▶ _Recorded information_
Start of Block

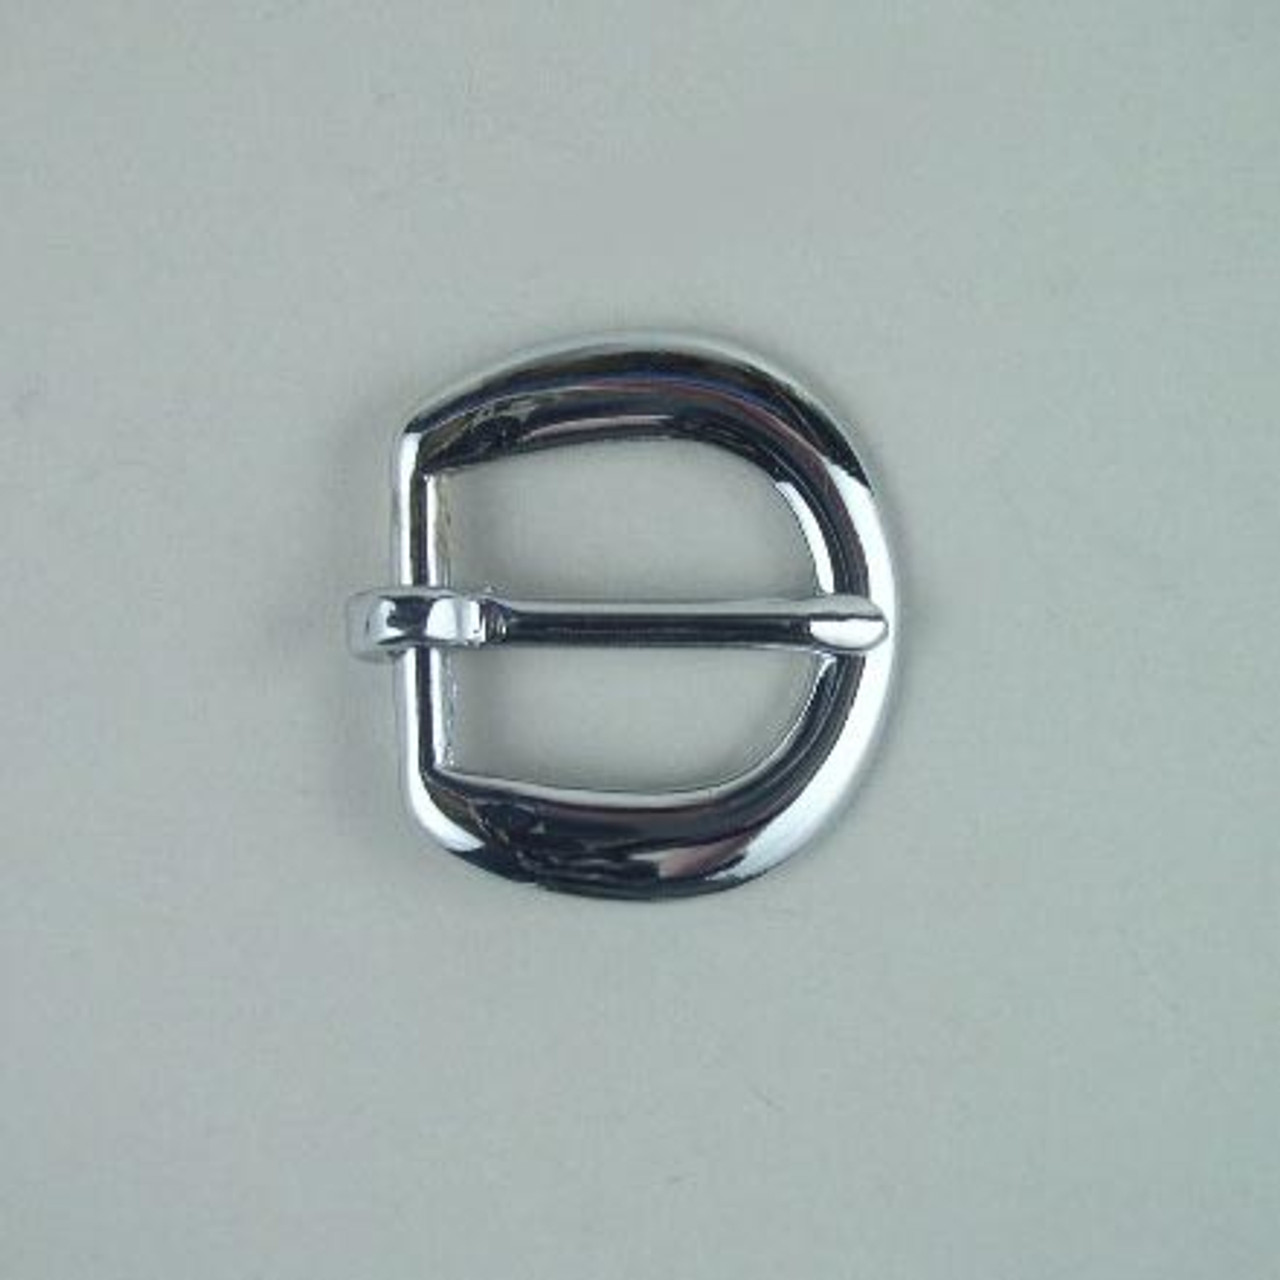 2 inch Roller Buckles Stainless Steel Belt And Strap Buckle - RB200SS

End of Block
Start of Block

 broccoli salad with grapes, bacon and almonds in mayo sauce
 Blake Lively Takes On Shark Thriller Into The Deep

End of Block

▶ _Task requirements_
Take the lines above from the one containing "broccoli salad with" down to the one containing "Blake Lively Takes", and transcribe them exactly, both ends included.

▶ _Worked solution_
 broccoli salad with grapes, bacon and almonds in mayo sauce
 Blake Lively Takes On Shark Thriller Into The Deep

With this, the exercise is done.